[Start of section]

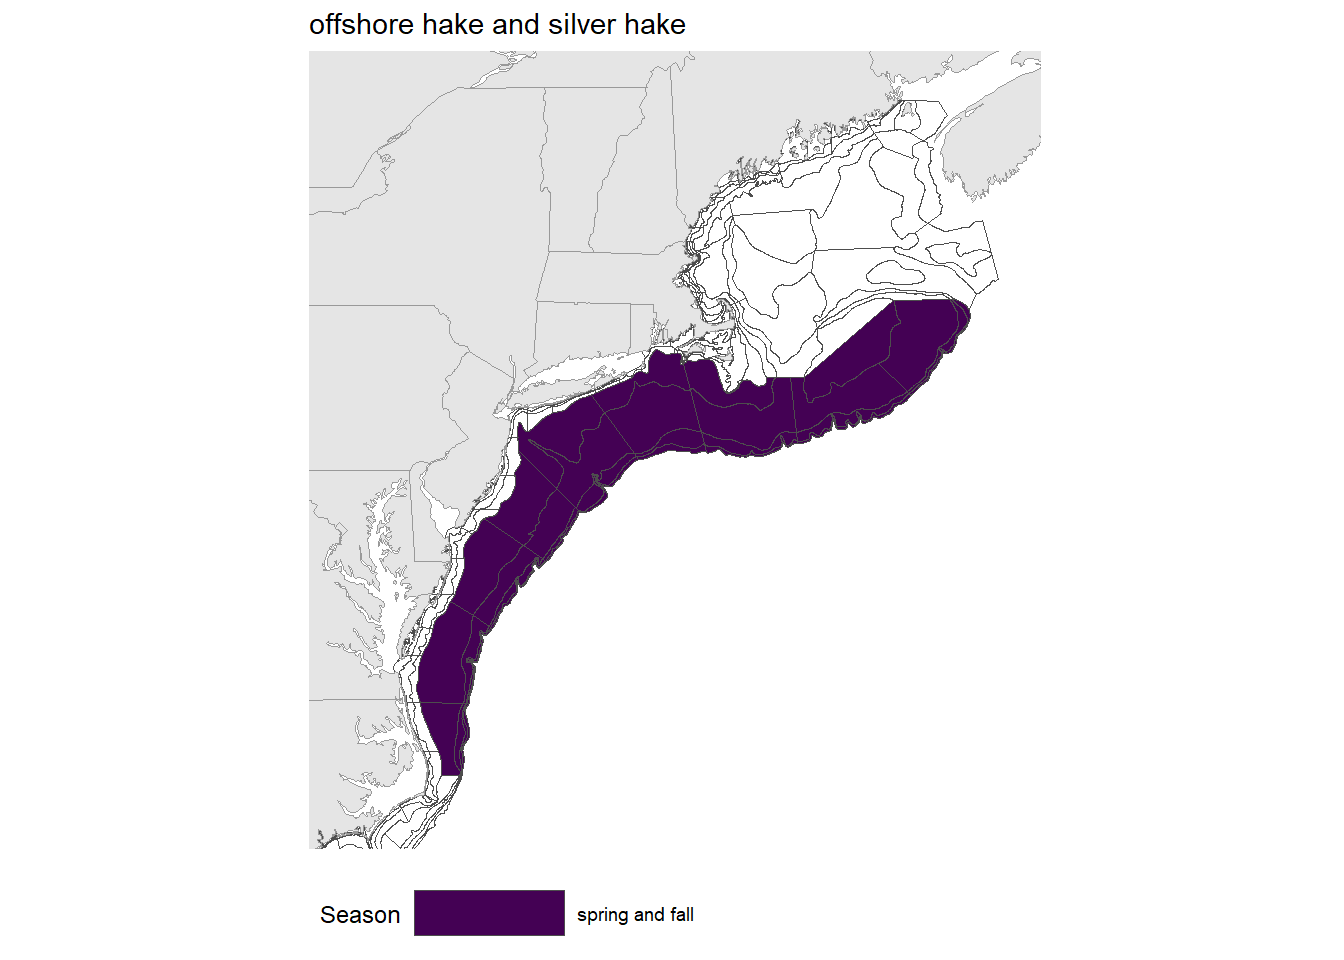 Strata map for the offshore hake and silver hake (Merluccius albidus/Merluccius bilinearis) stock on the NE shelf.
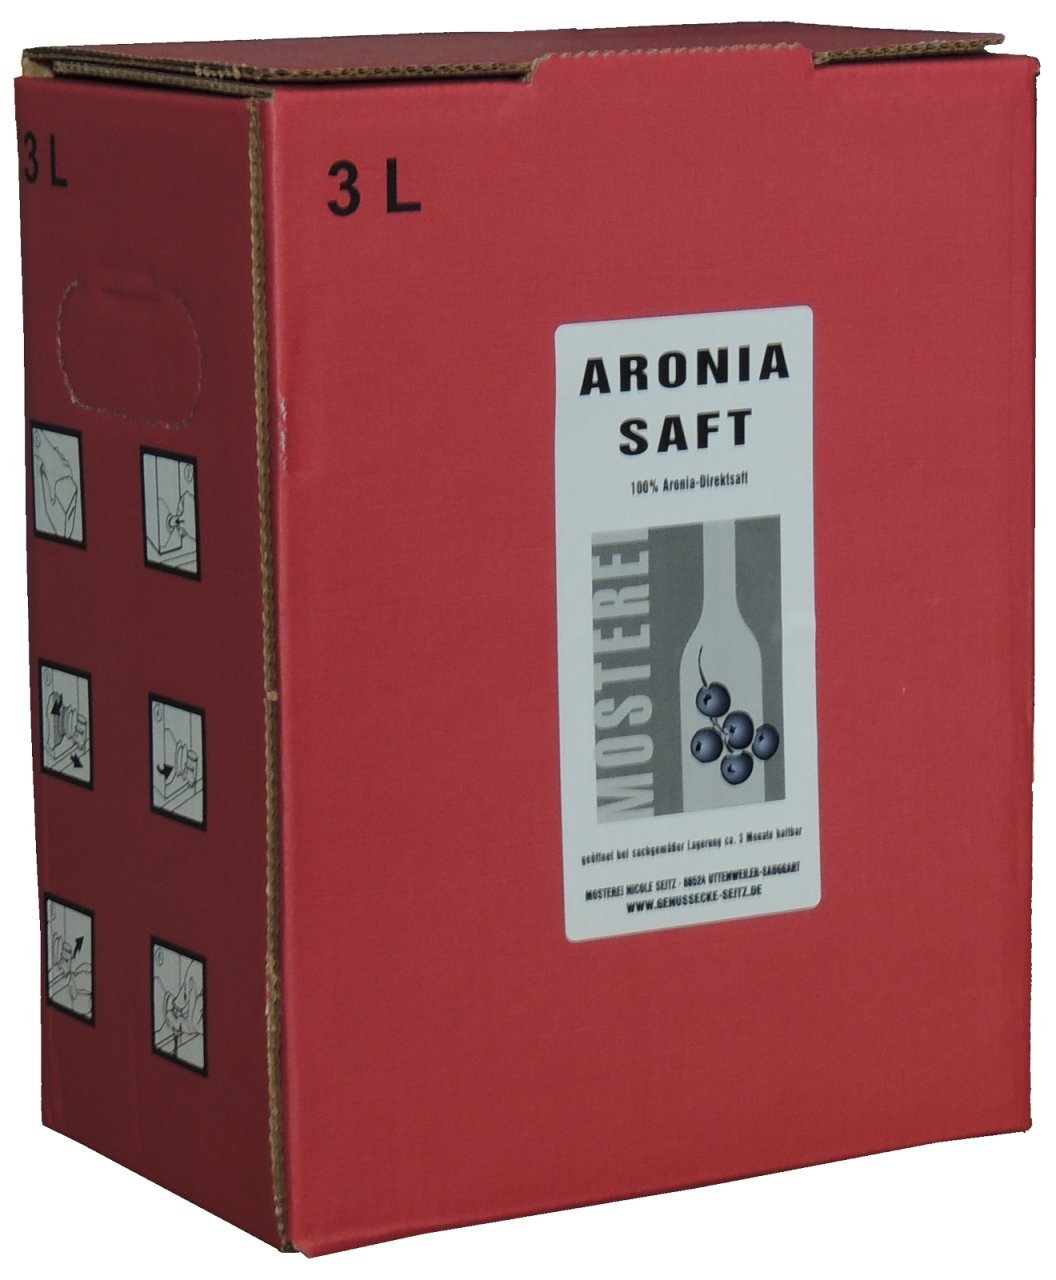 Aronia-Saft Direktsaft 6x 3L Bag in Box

[End of section]
[Start of section]

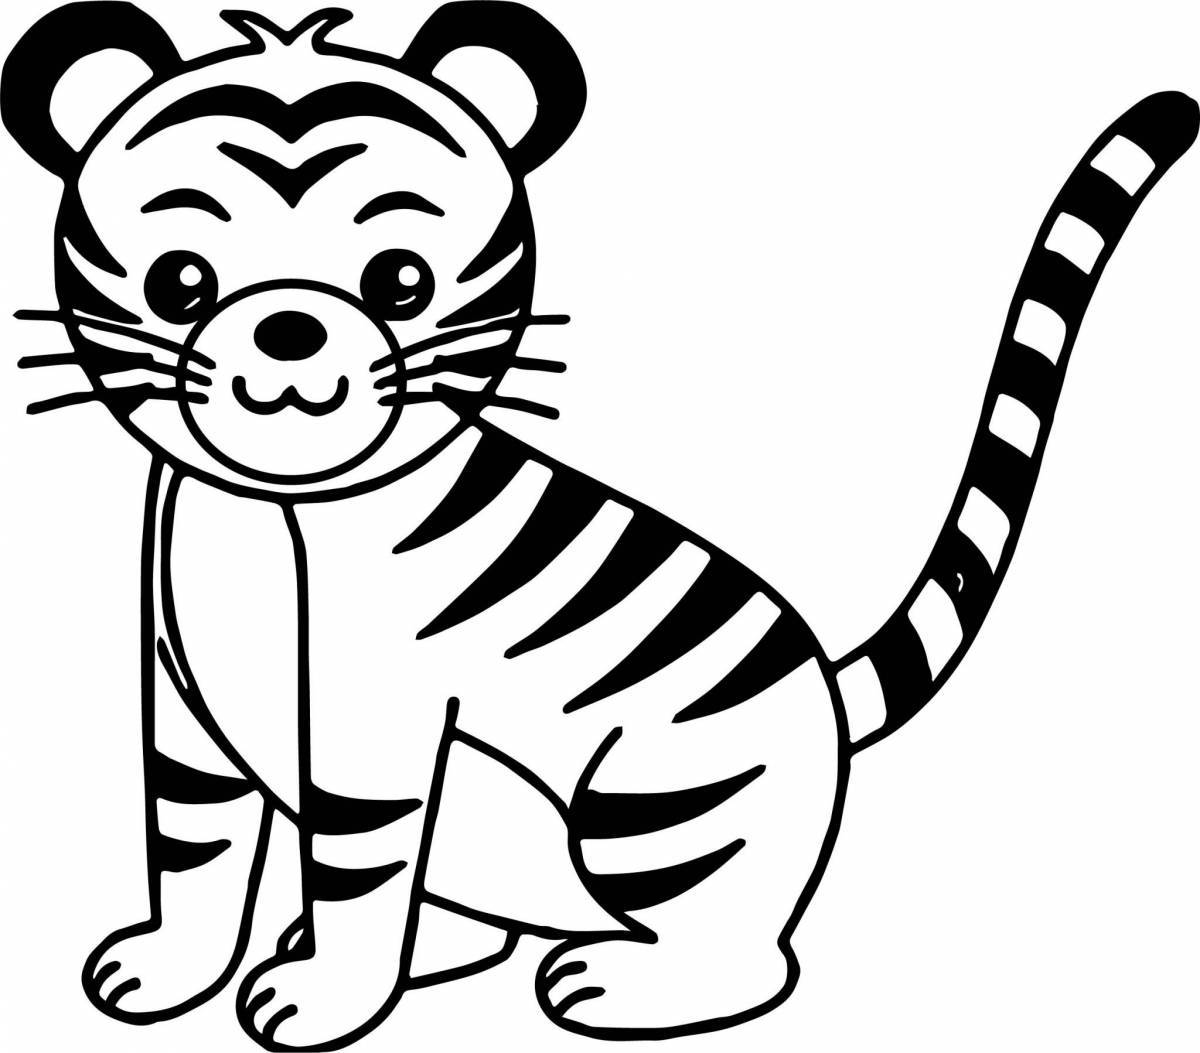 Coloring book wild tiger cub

[End of section]

ABOUT THIS TASK
From the records above, transcribe only the stretch from the line with "Strata map for" through the line with "Aronia-Saft Direktsaft 6x 3L Bag in Box", keeping both ends. Omit pictures.

SOLUTION
 Strata map for the offshore hake and silver hake (Merluccius albidus/Merluccius bilinearis) stock on the NE shelf.
 Aronia-Saft Direktsaft 6x 3L Bag in Box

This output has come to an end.